▶ _Collected material_:
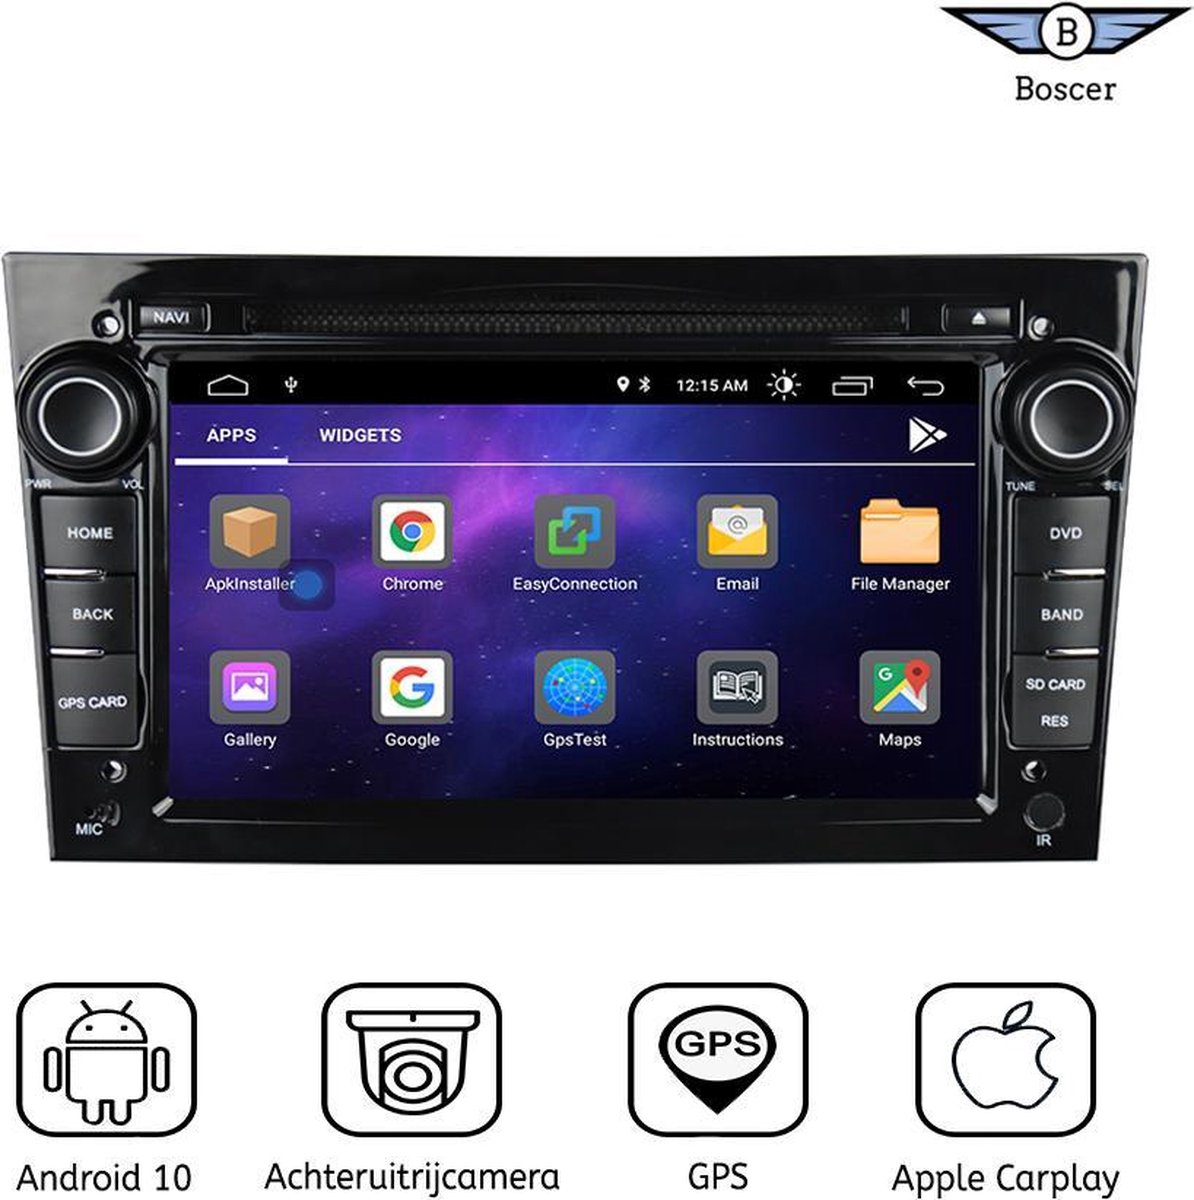 Boscer® Opel Autoradio   Android 10   Apple Carplay   Android Auto   Navigatiesysteem   DVD & CD   Zwart   Achteruitrijcamera
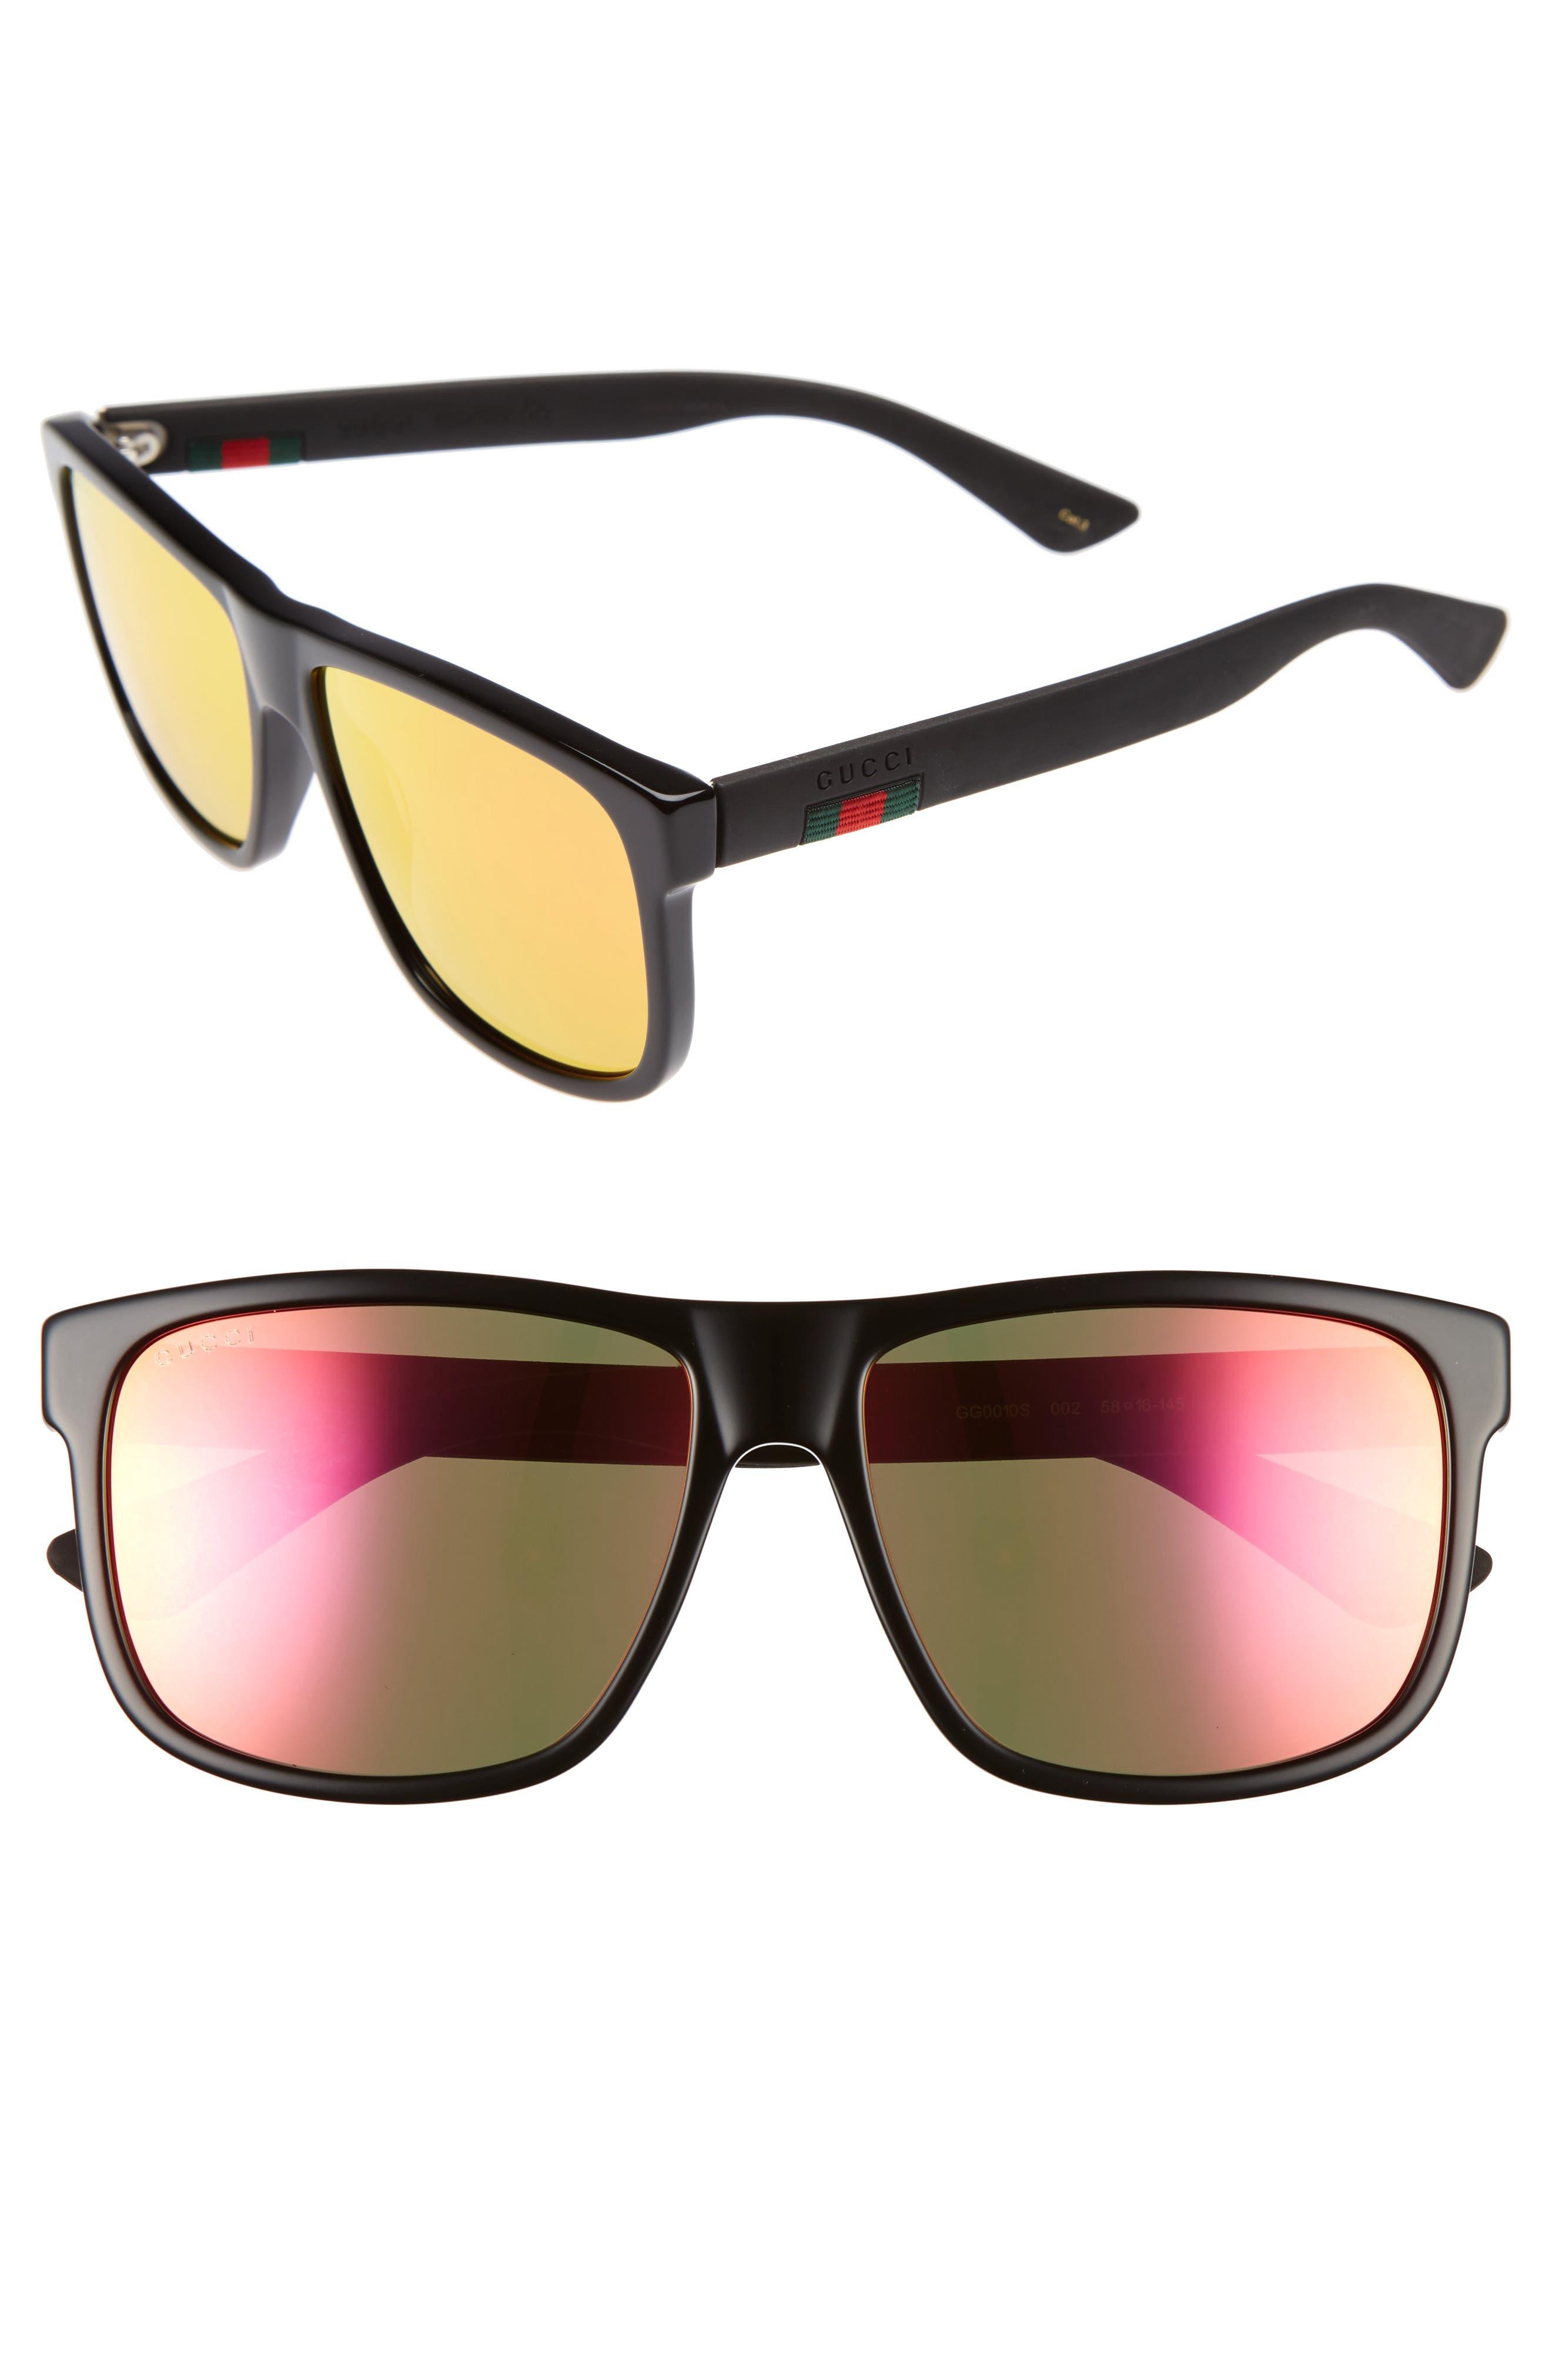 GUCCI, 58mm Sunglasses, Main thumbnail 1, color, BLACK W/ RED MIRROR LENS
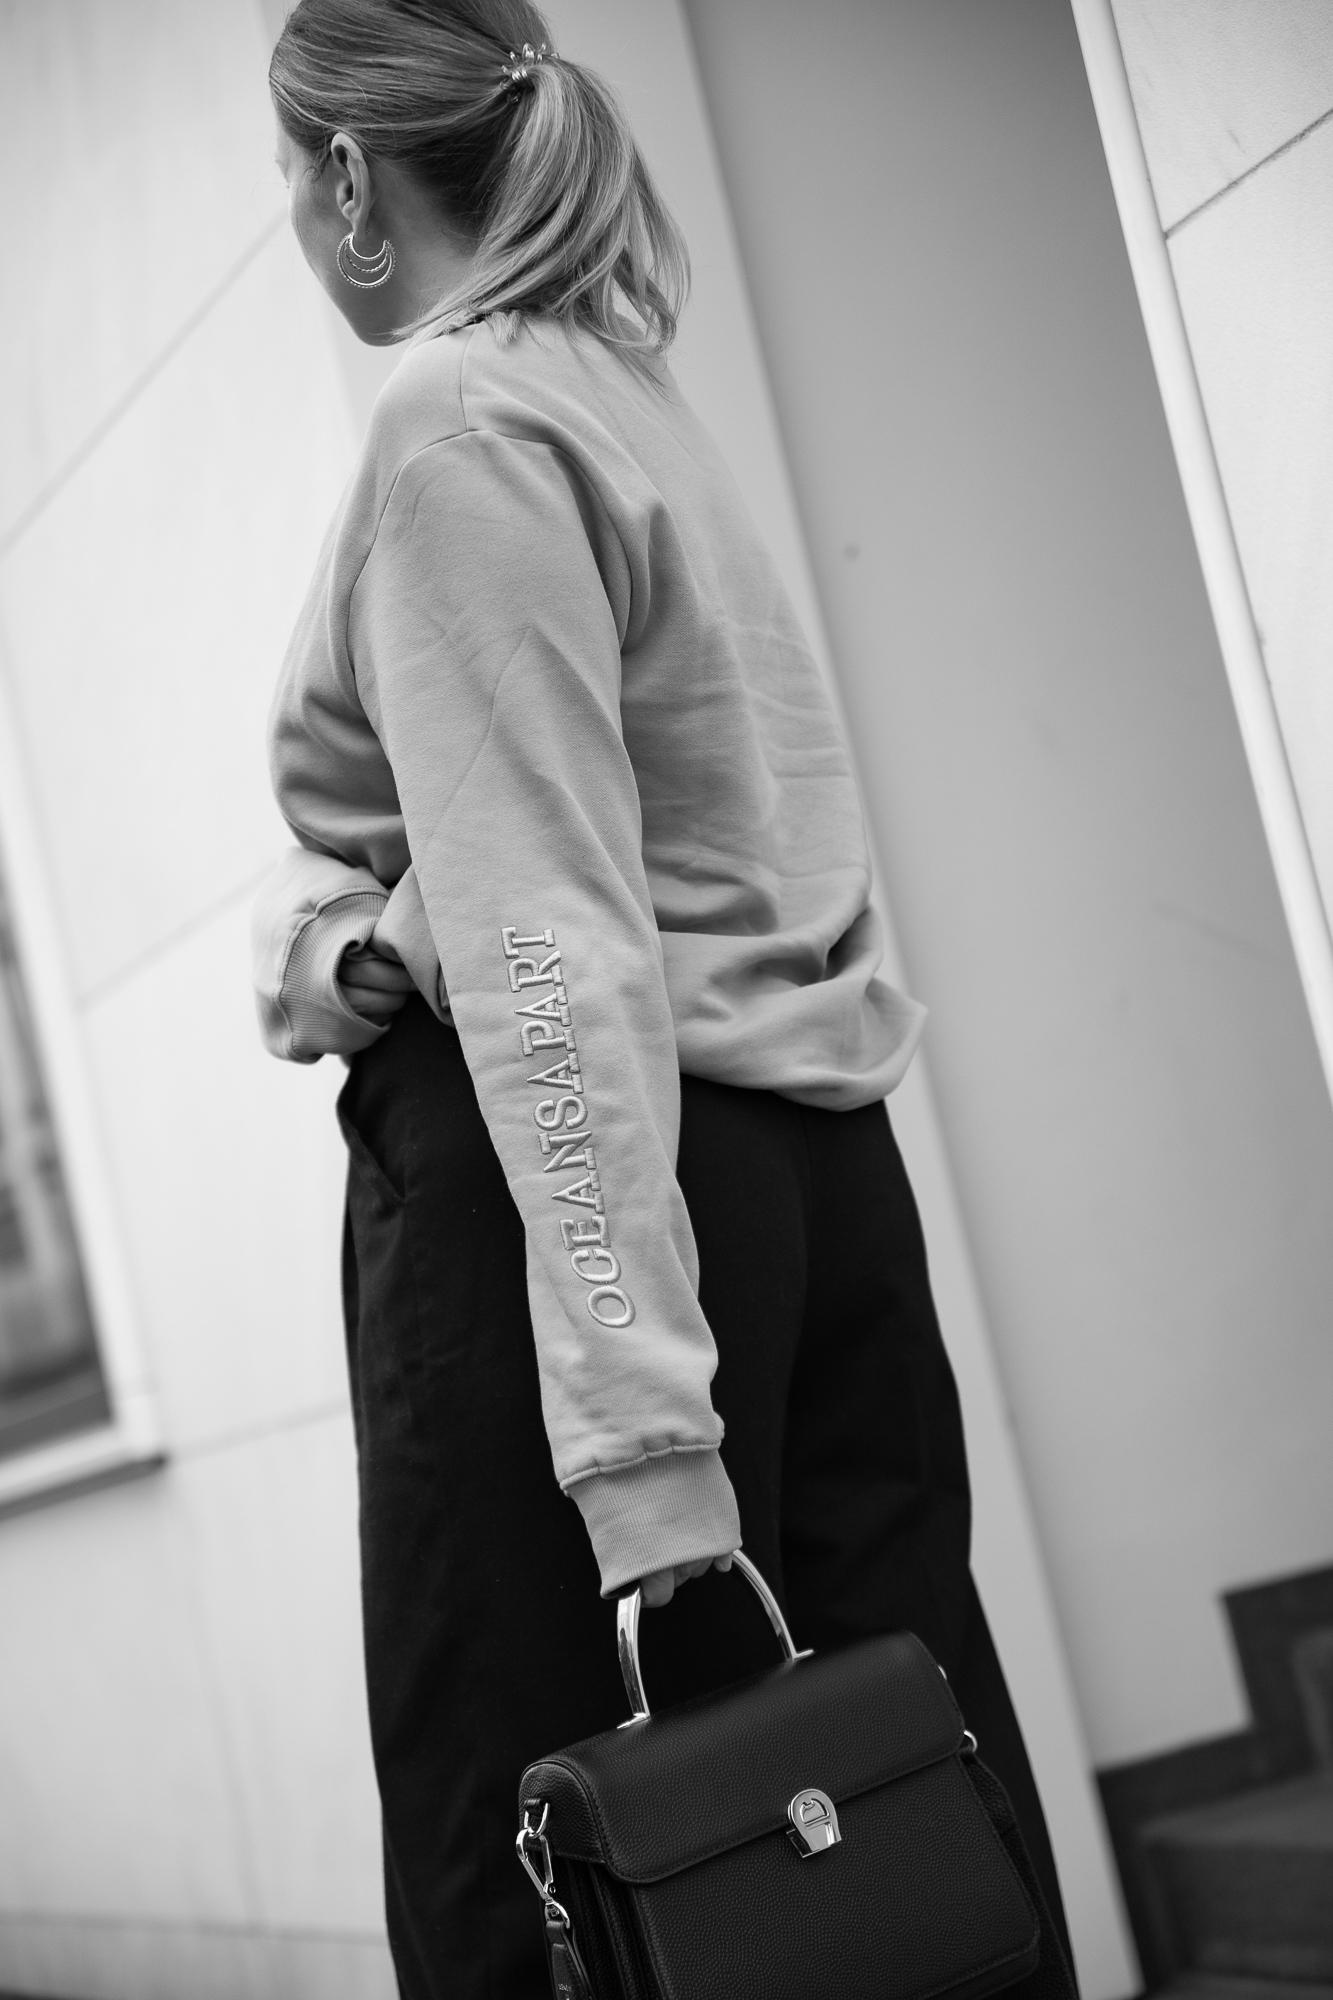 athleisure-outfits-sweater-oceansapart-oversize-sweatshirt-aline-kaplan-modeblog-berlin

▶ _Work request_: Whenever a picture appears in the listing, leave it out; copy everything else exactly.

▶ _Output for this exercise_:
 Boscer® Opel Autoradio   Android 10   Apple Carplay   Android Auto   Navigatiesysteem   DVD & CD   Zwart   Achteruitrijcamera
 GUCCI, 58mm Sunglasses, Main thumbnail 1, color, BLACK W/ RED MIRROR LENS
 athleisure-outfits-sweater-oceansapart-oversize-sweatshirt-aline-kaplan-modeblog-berlin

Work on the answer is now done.